Google's TPU (Tensor Processing Unit) specially designed for AI computing has reached the seventh generation "Ironwood" and will be fully available to customers in the next few weeks.
Using Ironwood, Google can scale to 9,216 chips in a single Pod and achieve 9.6 Tb/s transmission speeds with a breakthrough Inter-Chip Interconnect (ICI) network. This allows thousands of dies to quickly interconnect and access up to 1.77PB of shared high-bandwidth memory (HBM), overcoming data bottlenecks in even the most demanding models. This also means that Ironwood’s Pod can deliver 118x more ExaFLOPS at FP8 accuracy than the next closest competitor.
At this scale, services require uninterrupted availability. Therefore, Google's Optical Circuit Switching (OCS) technology, as a dynamic and reconfigurable network mechanism, can instantly bypass interruptions to resume workloads and ensure continued service operation. When more computing power is needed, Ironwood can scale across pods to clusters of hundreds of thousands of TPUs.
Google has developed an integrated AI Hypercomputer architecture based on years of experience to seamlessly integrate the hardware and software required for AI workloads. TPU is already a key component of the AI Hypercomputer, and Ironwood will take over the responsibility.

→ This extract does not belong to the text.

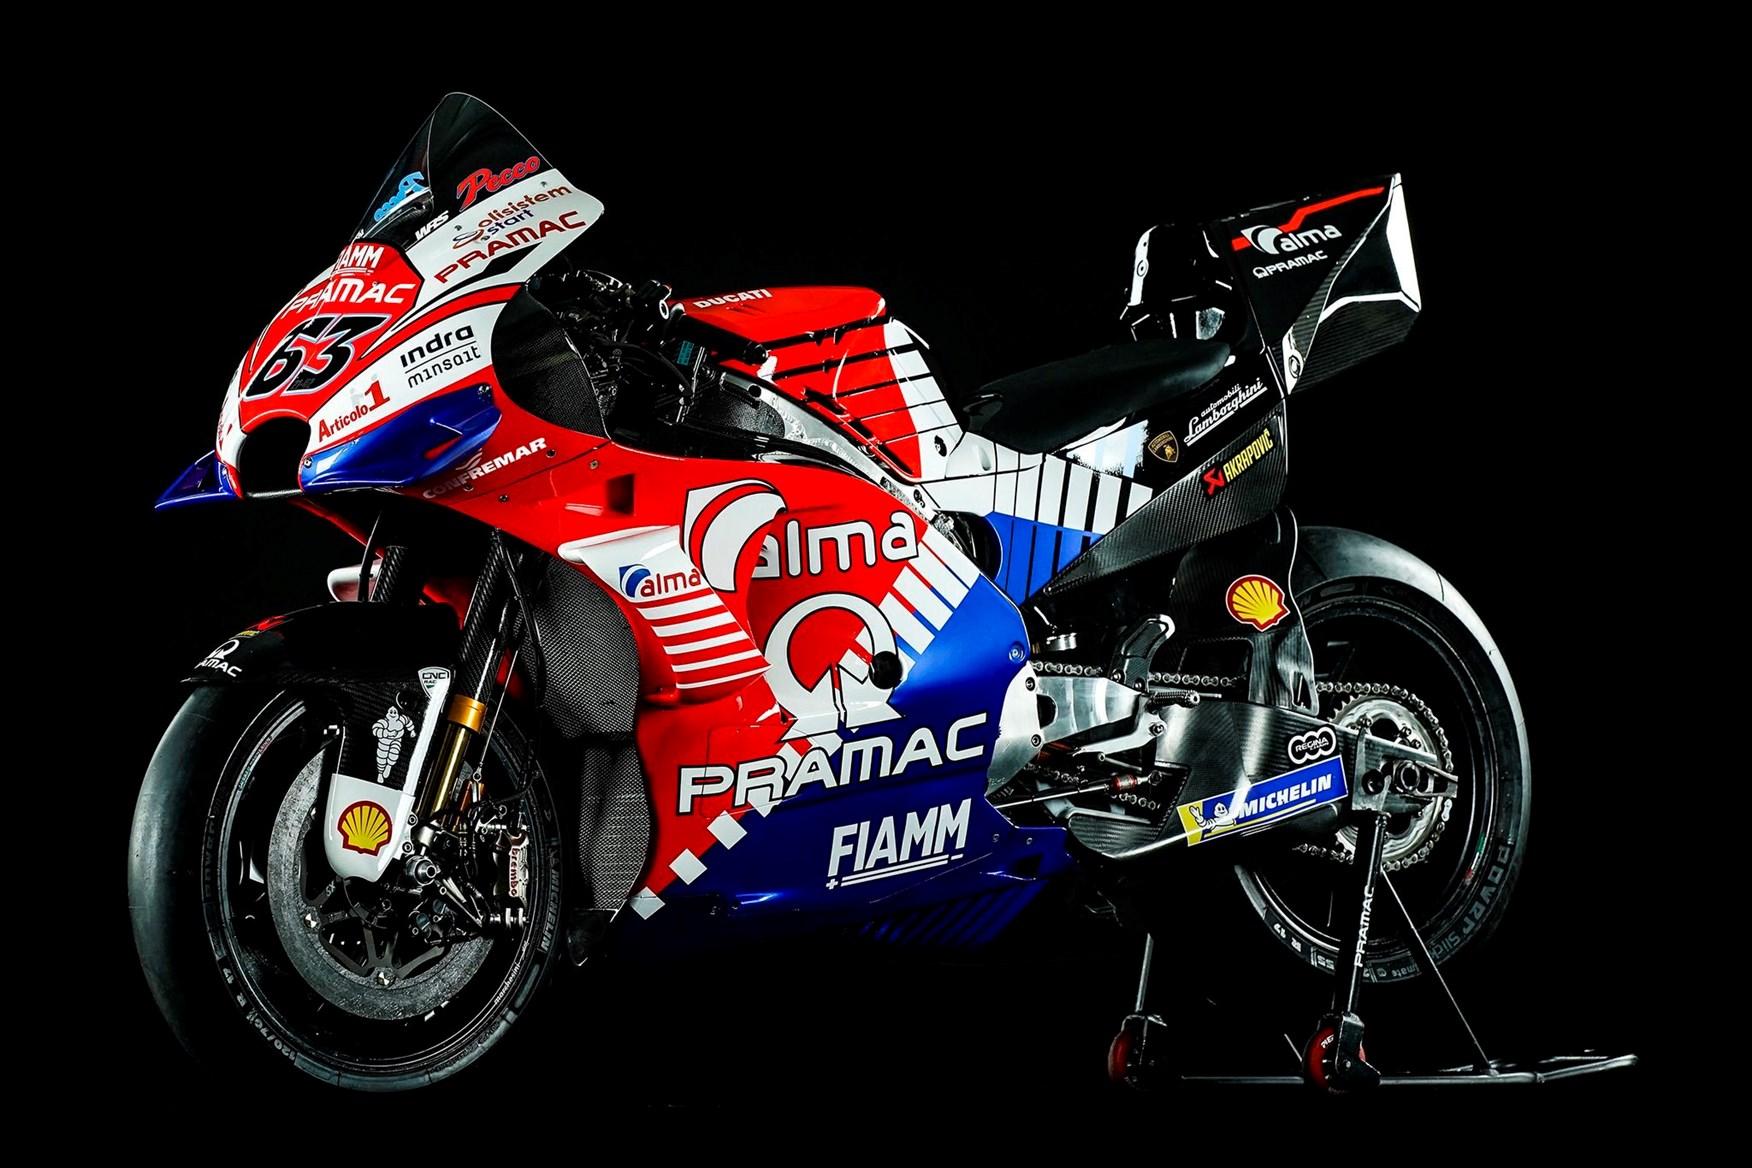 MotoGP: Pramac the last team to show off 2019 liveries

It is worth mentioning that Anthropic recently announced that it will expand the use of Google Cloud technology, including expanding TPU usage to 1 million, accelerating their process from training the Claude model to providing services to millions of users. Anthropic is testing Ironwood. "Ironwood's improvements in inference performance and training effectively scale the entire scale while maintaining the speed and reliability that customers expect," said James Bradbury, distinguished engineer in Anthropic's computing department.
▲ Using Jupiter data center network technology, multiple Ironwood superpods can be connected into a cluster of hundreds of thousands of TPUs.
▲ The third generation cooling distribution unit (CDU) provides liquid cooling for Ironwood superpod.
Expanding the Axion product portfolioIn addition to Ironwood, Google has further expanded its Axion product portfolio, which is an Arm-based CPU designed for data centers.
Google's second general-purpose Axion virtual machine, N4A, is available in preview and is suitable for workloads such as microservices, containerized applications, open source databases, batch processing, data analysis, development environments, experiments, data preparation, and making AI applications viable web services.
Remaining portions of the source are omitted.